Gram Type Description
TEXT_ASCII ASCII encoded string of 1-byte characters
FILL_BYTE sequence of identical bytes
FILL_SHORT sequence of bytes that repeats every 2 bytes.
FILL_LONG sequence of bytes that repeats every 4 bytes.
OFFSET_BEGIN offset in number of bytes to an existing Gram within a file from the start of the file. offset can be stored in either a byte, 2 bytes or 4 bytes
OFFSET_CURRENT offset in number of bytes to an existing Gram within a file from the location of the Gram. offset can be stored in either a byte, 2 bytes or 4 bytes
MATCH_EXACT pattern of bytes that occurs in this file and has been detected in at least one other file.

performance

Most of the analysis methods used by FRET have analysis durations that grow linearly with the number of files and the file size.

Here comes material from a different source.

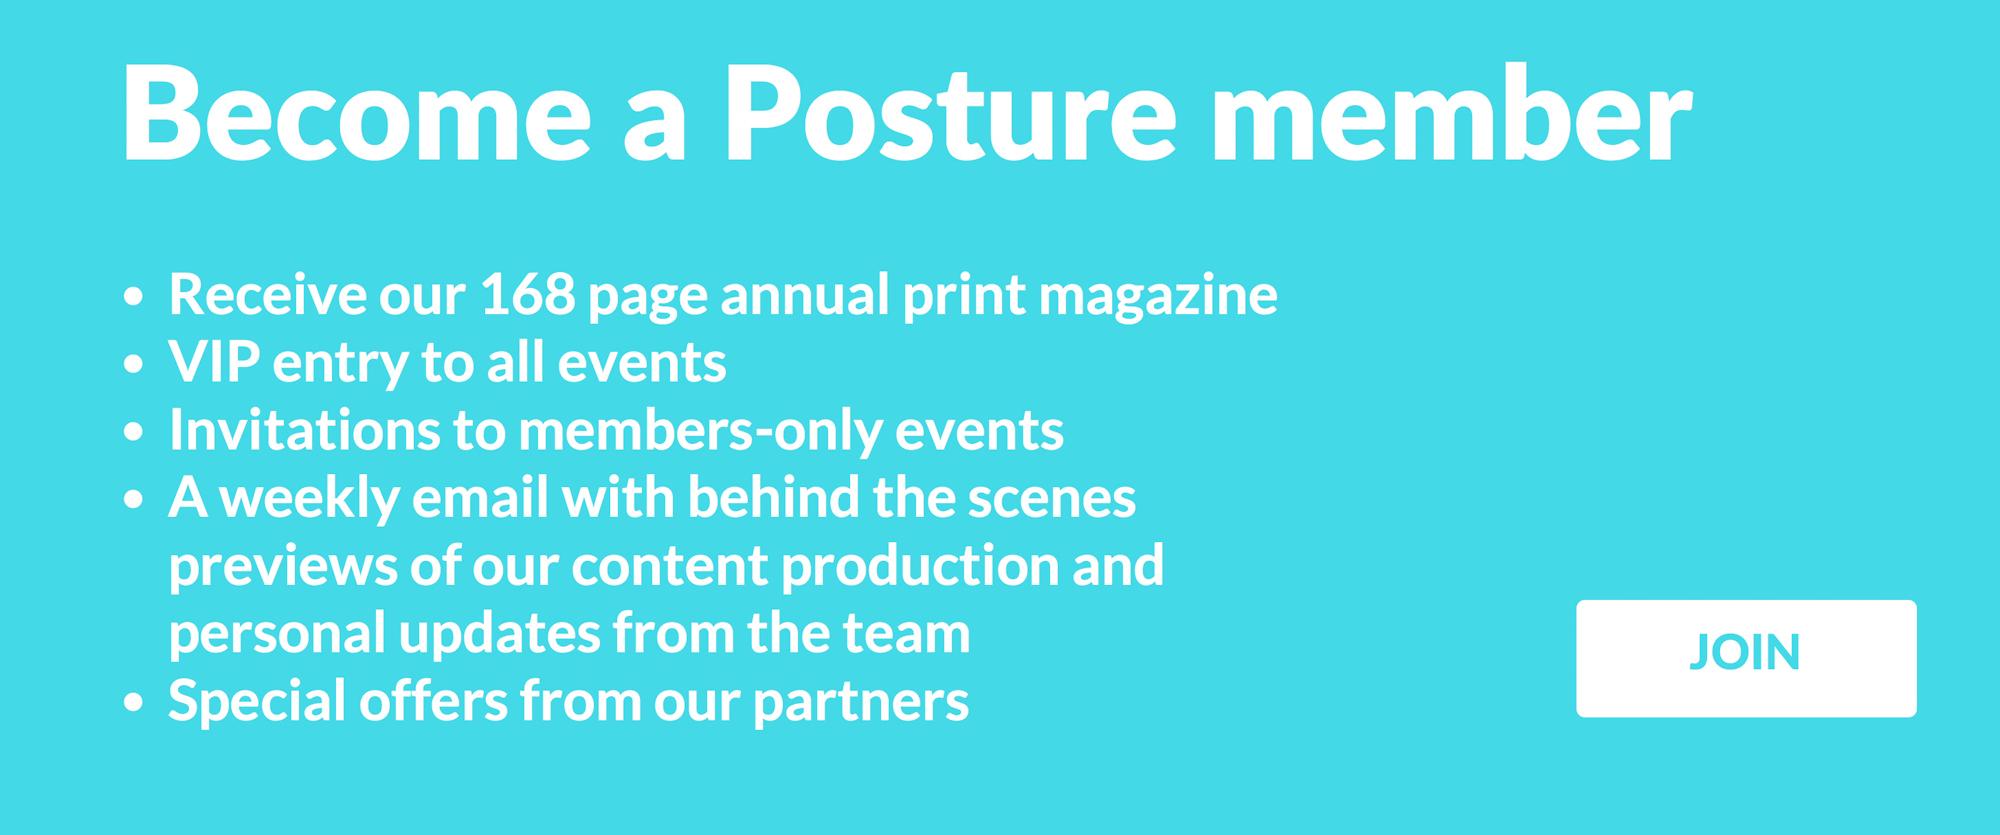 Posture Magazine champions underrepresented creators and entrepreneurs

However, it should be noted that the scanGrind algorithm that matches Grams in files has performance such that its analysis duration grows exponentially with file size (actually as a square of the file size). Increasing the number of analysed files shows the standard linear growth in analysis duration.

This means that the user is strongly advised to not compare large files against each other as the analysis duration will be extreme. For example, comparing two 100kB files takes just 5 minutes on a 3GHz machine, whereas comparing two 1MB files will take about 9 hours.

In order to reduce analysis times you may extract the interesting section of a file e.g. the header and then use this for analysis. Another option is to convert your house into a large grid supercomputer but this is more expensive.


explanation of Risk

Each detected structure in a file (called a Gram in FRET terminology) is assigned a Risk. This is the probability that the structure occured randomly within the file and is not a valid structure. The higher the Risk value, the greater the probability that the Gram is a "false positive". This value can be used to eliminate or rank results.


explanation of Freq

Each detected Gram in a file is assigned a Frequency. This is the number of occurances of this Gram that have been detected. For file specific Grams this will always be 1 but for group Grams this value should be greater than 1 since group Grams must exist in more than one file.